Data analysis was performed in R v. 3.6.0 through Rstudio v. 1.1.383 (http://www.rstudio.com) primarily using the packages ampvis2, tidyverse, and vegan [24,25,26]. Community richness was calculated using an observed number of ASVs and diversity was calculated using the Shannon index. Samples were rarefied to the lowest observed sequencing depth (16,245 reads) for richness and diversity estimates. Beta diversity was examined using principal component analysis (PCA) on Hellinger transformed ASV abundances. Filtering of ASVs with low variance, defined as >50% of samples associated with one value, was performed prior to PCA. To assess the statistical significance of the groupings in PCA, permutation tests of pairwise linear regression were performed using the pairwise.factorfit function from the RVAideMemoire package [27]. For statistical comparison, the Wilcoxon rank sum test was used, and the Holm p-value correction was used to address multiple testing [28]. An adjusted p-value < 0.05 was considered statistically significant.
2.5. Ethics
The study was performed with the requirements of Good Clinical Practice and the Revised Declaration of Helsinki. All participants provided signed written informed consent to participate in the study. The Regional Research Ethics Committee of Northern Jutland, Denmark approved the study (N-20180013), 3 April 2018. Five of the HCs were included in connection with another study (N-20150021, approved 1 June 2015).
3. Results
3.1. Patient Population
Overall, 38 participants were included in the study, 11 patients with normal pouch function, 9 patients with chronic pouchitis, 6 patients with FAP but without registered episodes of pouchitis, and 12 HCs. Participant characteristics are summarised in Table 1.
3.2. Analysis of Gut Microbiota
Sequencing was successful for all samples and produced satisfactory reads (16,245 to 28,512 reads) to cover the community for all patients and HCs as determined by rarefaction analysis. Sequencing data are deposited in the Sequencing Read Archive https://www.ncbi.nlm.nih.gov/sra/ (accession number: PRJNA646261).
Faecal samples collected from patients with chronic pouchitis had lower microbial diversity and richness compared to patients with normal pouch function (p < 0.001 and p = 0.009) and HCs (p < 0.001 and p < 0.001) (Figure 1). Faecal samples from patients with FAP did not significantly differ in microbial diversity or richness compared to patients with chronic pouchitis (p = 0.39 and p = 0.78) (Figure 1). In general, microbial diversity and richness were also lower in patients with normal pouch function compared to HCs without disease in the colon or rectum (p = 0.005 and p = 0.003) (Figure 1).
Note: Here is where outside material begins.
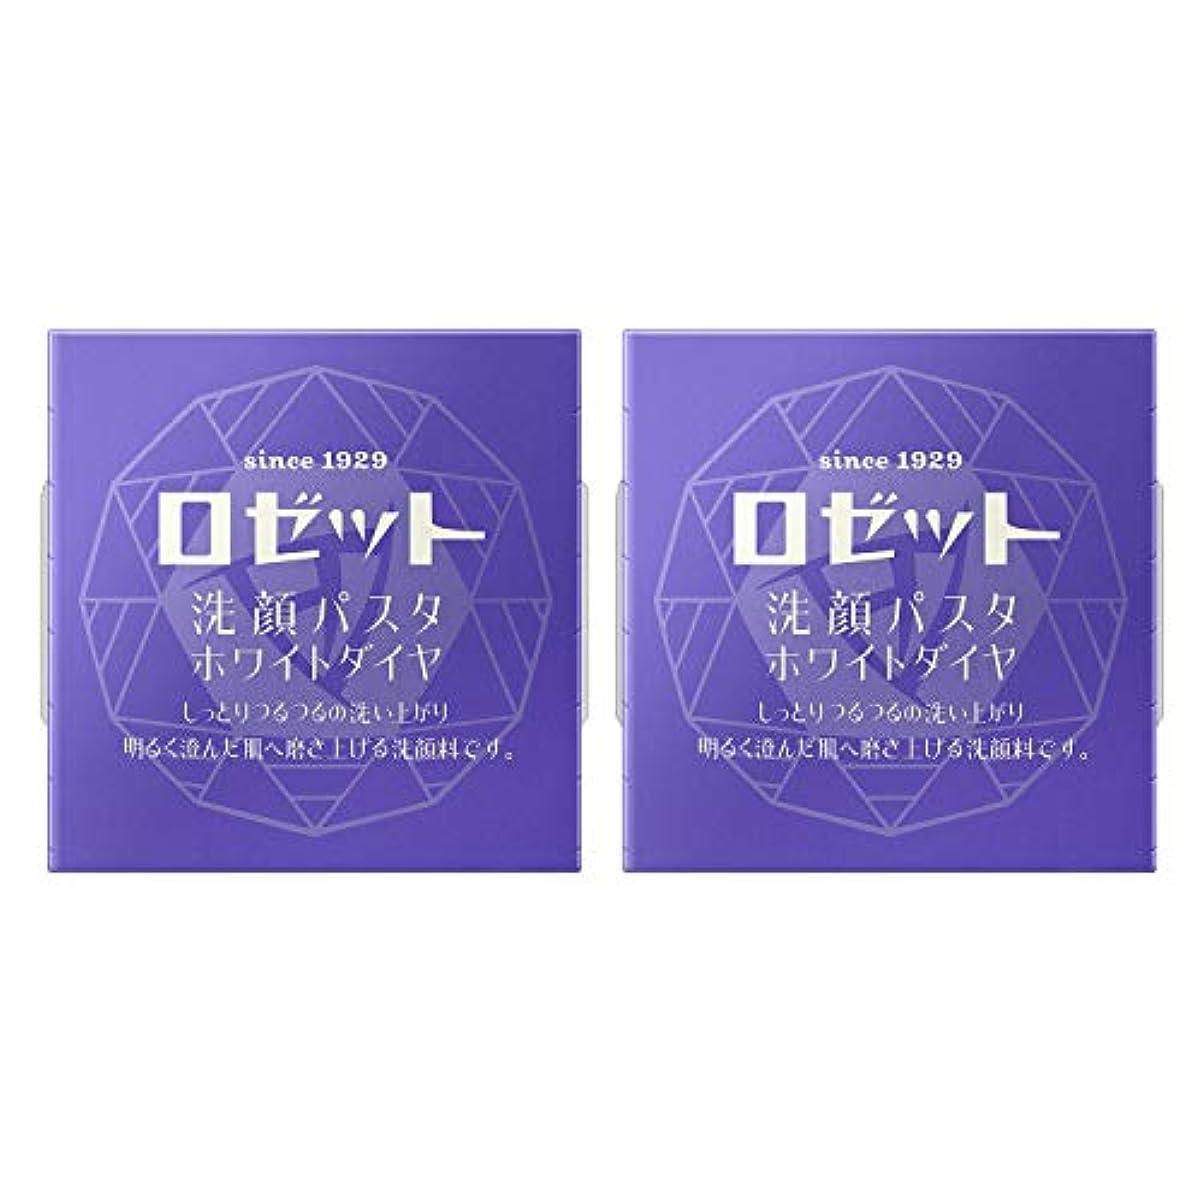 素晴らしい良い多くのトマト注文ロゼット 洗顔パスタホワイトダイヤ 90gx2個パック AZ

Relative abundance of bacterial species between the three groups of patients and HCs showed that patients with normal pouch function and HCs overall had a similar composition of their microbiota (Figure 2A). For most of the patients with a normally functioning pouch and HCs, the most abundant genera were the genus Bacteroides, or the genus Prevotella for the remaining few (Figure 2A). Subsequently, the genus Faecalibacterium or Dialister from the phylum Firmicutes was the most abundant genera in patients with normal pouch function and HCs (Figure 2A). Moreover, the composition of the microbiota in patients with normal pouch function and HCs was more homogenic compared to patients with chronic pouchitis and FAP. For patients with chronic pouchitis or FAP, the genus Bacteroides was most prevalent in some patients, where for others the genus was not detected as one of the 20 most abundant genera (Figure 2A). The two chronic pouchitis patients (patient ID: Pouchitis_001 and Pouchitis_005) with no detection of the genus Bacteroides had both received continues long-term treatment with ciprofloxacin and metronidazole (Figure 2A). The remaining chronic pouchitis patients (patient ID: Pouchitis_007) receiving continuous antibiotics had Bacteroides as the most prevalent genera. All the included patients with chronic pouchitis had received one or several antibiotic treatments for pouchitis, within the year up to study inclusion.
Throughout the principal component analysis (PCA) plot, it was possible to separate HCs from all other groups (p < 0.05, Figure 2B). Furthermore, patients with normal pouch function and FAP scattered as intermediate between HCs and patients with chronic pouchitis along PC1, which explained a considerable portion of the variance (38.7%; Figure 2B). Albeit pairwise comparisons of patients with a normal pouch function, FAP and chronic pouchitis were not statistically significant (p-value between 0.14 and 0.26), this suggests a gradient in the microbial composition going from HCs through normal pouch function, and FAP to chronic pouchitis. Inspecting the ASVs with heights absolute weights on the PC1 axis (Figure 2C) several ASVs from genus Bacteroides were associated primarily with HCs, while ASVs from the family Enterobacteriaceae, especially genus Escherichia primarily were associated to patients with chronic pouchitis.
4. Discussion
This study used bacterial microbial profiling with 16S rRNA amplicon sequencing to determine the bacterial composition of pouch microbiota. In particular, the aim was to elucidate a distinct microbial profile for patients with an inflamed pouch, compared to a pouch without confirmed inflammation.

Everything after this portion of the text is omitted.